The crisis of both of the major capitalist parties was signaled by another survey, this time by Fox News, which found that three of the four leading candidates for the Democratic and Republican nominations, Clinton, Trump and Texas Senator Ted Cruz, had the highest personal unfavorability ratings in the history of public polling on that question.
Only 36 percent of those polled had a favorable opinion of Cruz, an ultra-reactionary who is appealing particularly to Christian fundamentalists, while 53 percent had an unfavorable opinion, for a net rating of negative 17. Clinton’s margin was worse, with 39 percent positive and 58 percent negative, or negative 19. Trump was even lower, with only 31 percent positive and 65 percent negative, or negative 34.
In other words, a Clinton-Trump contest would pit two deeply unpopular candidates against each other—the personification of the corrupt US political establishment versus the crude gangster billionaire—with each side seeking to convince the American public that the other was more repugnant.

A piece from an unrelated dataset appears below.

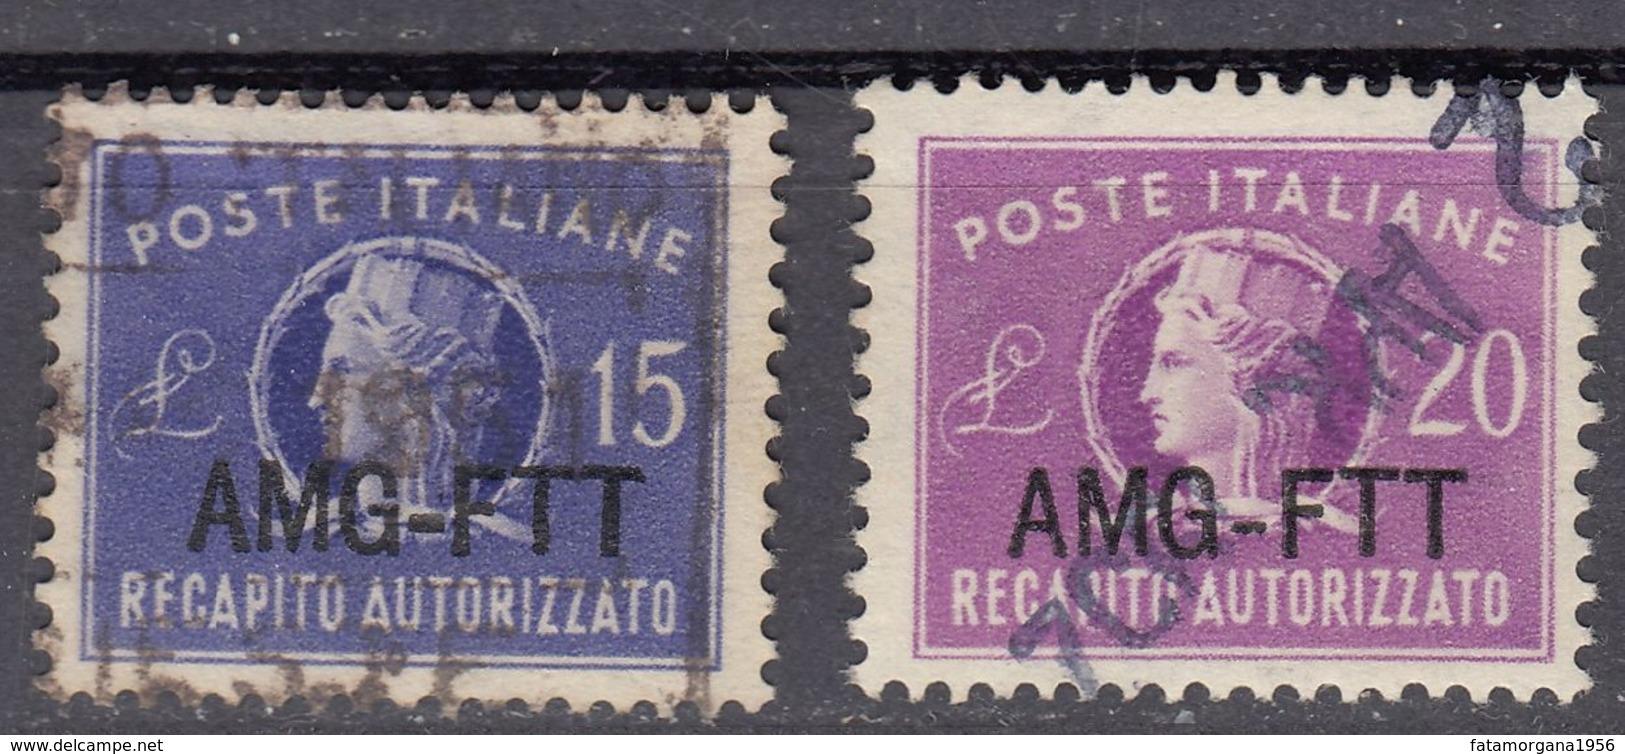 TRIESTE  Zona A AMG-FTT - 1949/1954 - Serie Completa Usata Recapito Autorizzato Yvert 9/10. - Eilsendung (Eilpost)
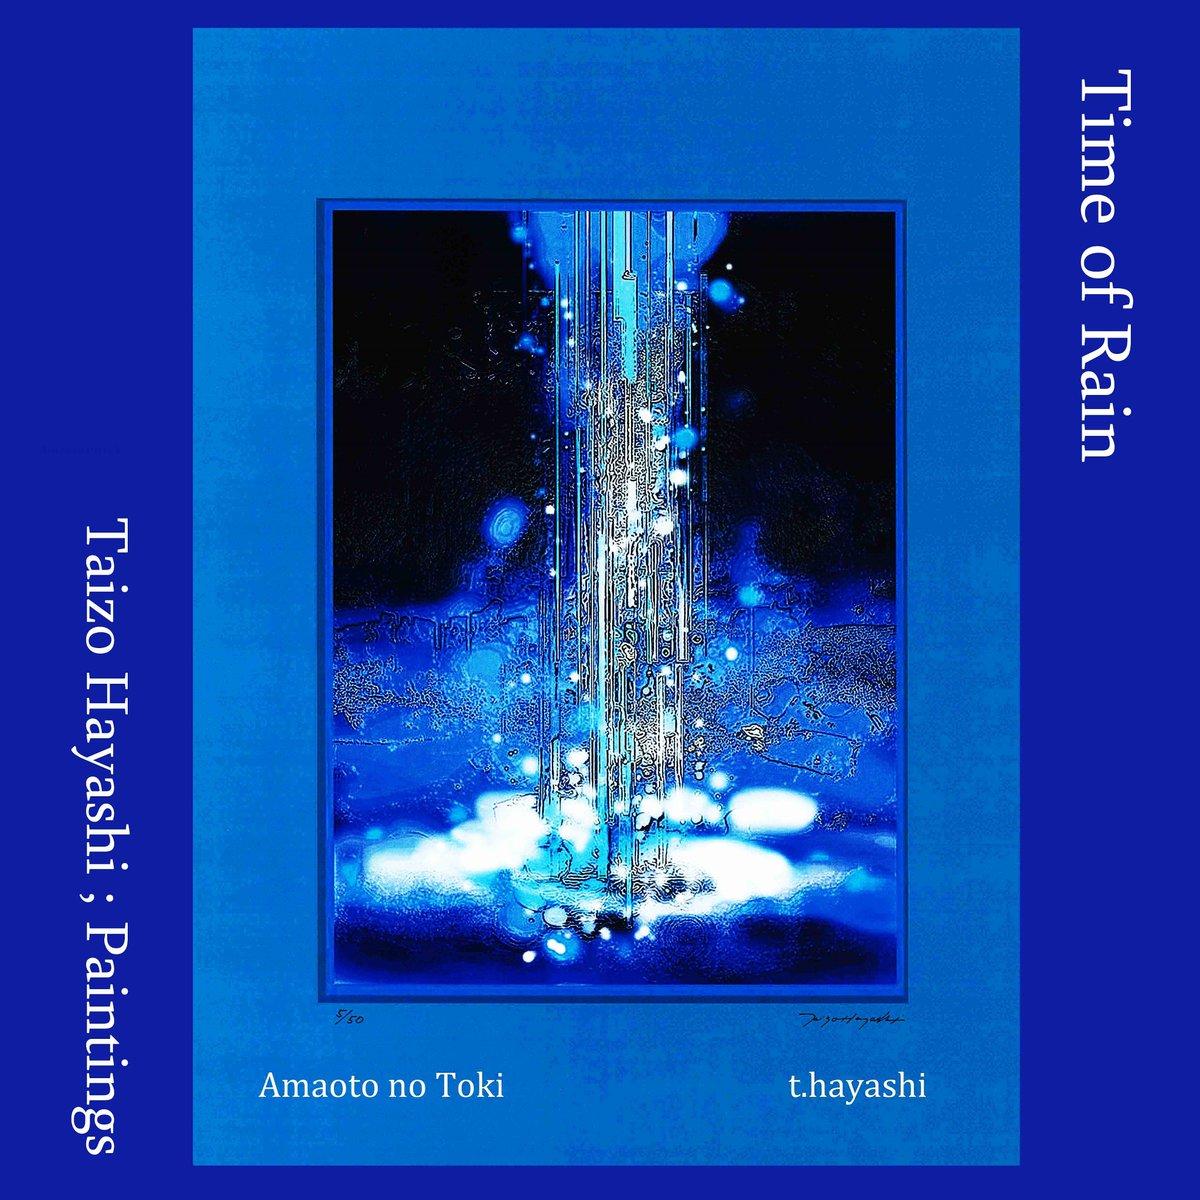 Time of Rain ;  Taizo Hayashi ; Japan    #art #arte #abstractpainting #digitalpainting #digitalart  #print #blue #rain #絵描きさんと繫がりたい #抽象画  #デジタル絵画 #デジタル印刷 #絵画  #デジタルアートpic.twitter.com/tXI9uYoAt0

The role of Sanders, who has won wide support particularly among young people and sections of the working class because of his avowed “socialism,” is to provide a political facelift to the Democratic Party, one of the twin parties of Wall Street and US imperialism.
This will not be an easy task. According to a UCLA/LA Times poll of voters in California, released Monday, 20 percent of likely Sanders voters said they would not support Clinton in November if she won the nomination. Of those who said they would vote for Clinton, 45 percent said they would do so “reluctantly,” compared to only 35 percent who said they would do so with any enthusiasm.
Sanders’ nominal “socialism” is little more than watered-down liberalism of the 1960s, with no call for social ownership of the means of production and not a shred of opposition to American imperialism and its program of global aggression.
He himself has repeatedly pledged to support Clinton if she is the nominee. The corporate ruling elite has long since taken the measure of the Vermont senator and regards him as a useful political tool, providing he continues to keep his anti-Wall Street rhetoric within bounds. As James Traub noted in the New York Times Sunday, “While labeling himself a democratic socialist, [Sanders] is almost elaborately respectful of his political rival Hillary Clinton and the political process… Through figures like him, American democracy permits intense passions to be expressed, contained and, perhaps, vented.”